Schneeschuh-TrendWildtiere sind im Stress
Der aktuelle Boom gefährdet die Tierwelt. Wildhüter Bruno Dauwalder mahnt zu Rücksicht.
Wie ein aufgescheuchtes Huhn – was in der Umgangssprache einer witzigen Konnotation gleichkommt, kann in der Natur bitteren Ernst bedeuten. «Die Raufusshühner, dazu gehören etwa Birk- und Auerhühner, schlafen in selbst gebauten Schneehöhlen», erklärt Bruno Dauwalder, Wildhüter im Berner Oberland. «Werden sie durch Schneesportler aufgescheucht, verlassen sie ihren Schlafplatz.»

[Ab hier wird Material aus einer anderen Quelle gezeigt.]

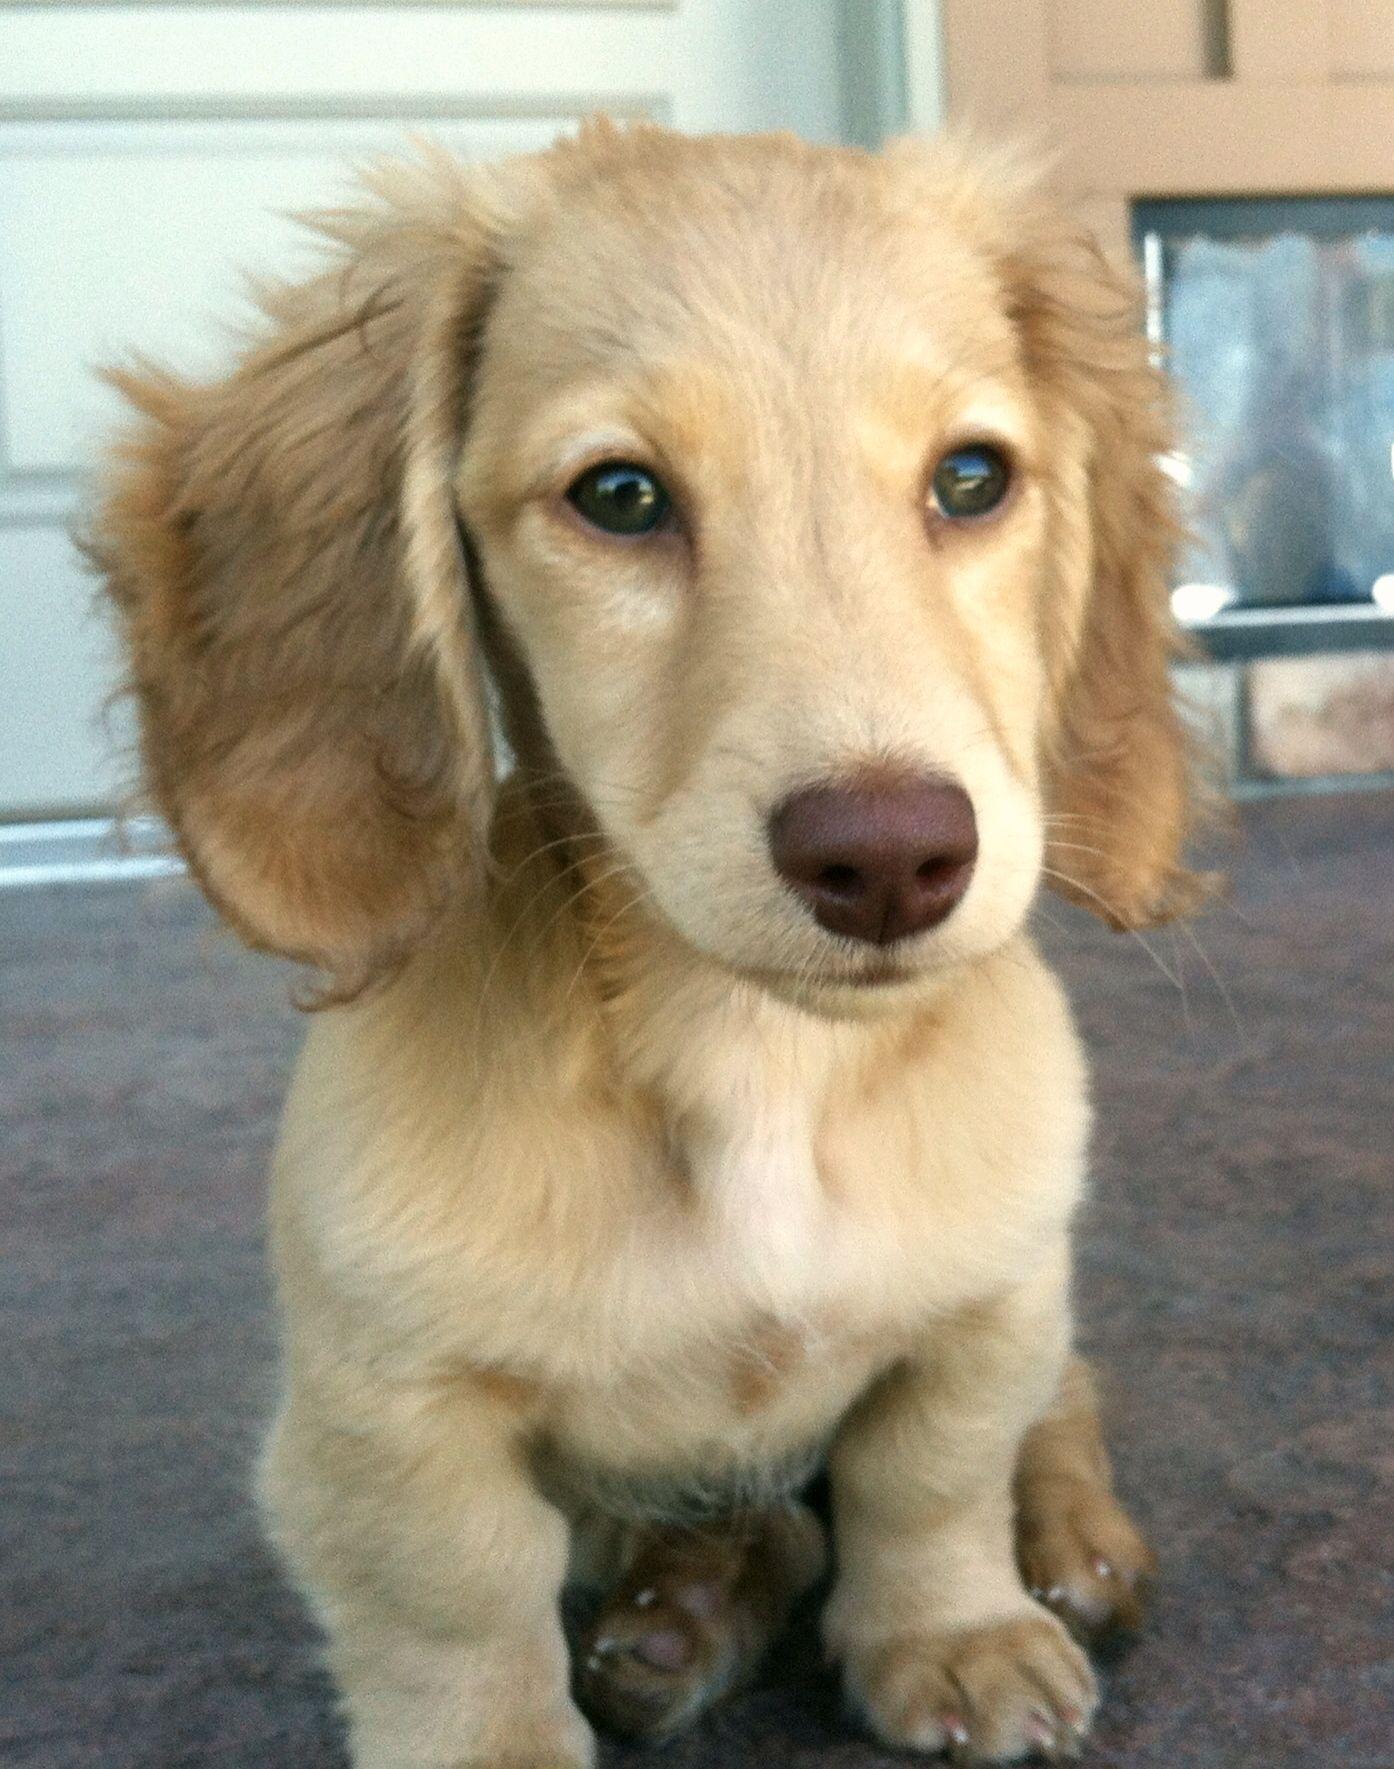 Willa Chocolate Based Cream Longhair Dachshund Puppy Dachshund Dachshund Breed Dachshund Love

Das bedeute für die teilweise gefährdeten Tiere in den Alpen nicht nur grossen Stress, sondern auch die Suche nach einem neuen Unterschlupf. Ein Stress mit Folgen. Forschungen zeigen, dass eine erhöhte Sterblichkeit im Winter und negative Auswirkungen auf die Fortpflanzung im Frühling dazugehören können.
«Rechtliche Mittel haben wir ausserhalb von Wildschutz- und Naturschutzgebieten leider keine.»
Seit 34 Jahren überwacht, reguliert und pflegt Dauwalder als Wildhüter die Bestände wild lebender Tiere und deren Reviere im Gebiet Thuner- und Brienzersee. Auch in seinem Aufsichtskreis rund um das für eine Steinbockkolonie bekannte Niederhorn weilen in diesem Winter Wildtiere und Schneeschuhläufer. Erstere vertragen die Präsenz der Menschen nur, wenn sich diese an die Regeln halten.
«90 Prozent der Schneeschuhwanderer in meinem Gebiet bewegen sich auf den offiziellen und signalisierten Schneeschuhrouten», fasst der Wildhüter seinen Erfahrungswert zusammen.
So weit, so gut. Für die übrigen 10 Prozent aber – gut möglich, dass es im Corona-Winter mehr werden – hat Dauwalder kein Verständnis. «Rechtliche Mittel haben wir ausserhalb von Wildschutz- und Naturschutzgebieten leider keine», sagt er zu Schneeschuhwanderern, die sich einen eigenen Weg durch das Gelände und somit auch durch Natur- und Wildschutzzonen bahnen. «Wir können nur an den Verstand der Besucher appellieren.»
Flucht als Kraftakt
Wer sich konsequent auf den offiziellen und markierten Routen bewegt, macht schon fast alles richtig. Trotzdem kommt es gemäss Dauwalder immer wieder vor, dass er Besucher, auch jene auf den Pfaden, auf die Regeln aufmerksam machen muss. «Wo Tiere leben, müssen Hunde an die Leine», erklärt er. Und auf nächtliche Ausflüge soll man bitte gänzlich verzichten.
«Wenn Tiere flüchten, braucht das sehr viel Energie.»
Denn nicht nur die Raufusshühner, auch andere Bewohner der Schweizer Bergwelt fahren im Winter ihren Energiehaushalt aufgrund tiefer Temperaturen und des knappen Nahrungsangebots herunter und reagieren entsprechend empfindlich auf Störungen.
Das gilt etwa auch für Rehe, Hirsche und Gämsen. «Wenn diese flüchten, braucht das sehr viel Energie», so Bruno Dauwalder. Durch hohen Schnee zu rennen, mit einem potenziellen Feind im Rücken, ist ein grosser Kraftakt. Trauen sich die Tiere aufgrund von wiederholten Störungen nicht zurück an ihren Stammplatz, müssen sie die verbrauchten Reserven anderswo kompensieren. «Dann verursachen sie Schäden an Schutzwald und Jungbäumen», illustriert der Wildhüter die Wirkungskette.
Ruhig und gemütlich weitergehen
Auf den signalisierten Schneeschuhwanderwegen zu bleiben, bedeutet nicht automatisch, auf jegliche Tiersichtungen zu verzichten. Nicht selten halten sich Auerhuhn, Reh und Co. in der Nähe der Trails auf – und können die menschlichen Besucher antizipieren.
Tiere, denen man auf der Route begegnet, haben sich in der Regel an Schneeschuhläufer gewöhnt und reagieren weniger sensibel. In diesem Fall empfiehlt Wildhüter Dauwalder, gemütlich weiterzugehen und keine lauten Geräusche zu machen. In der Ruhe ist es im Winterwunderland ja sowieso am idyllischsten.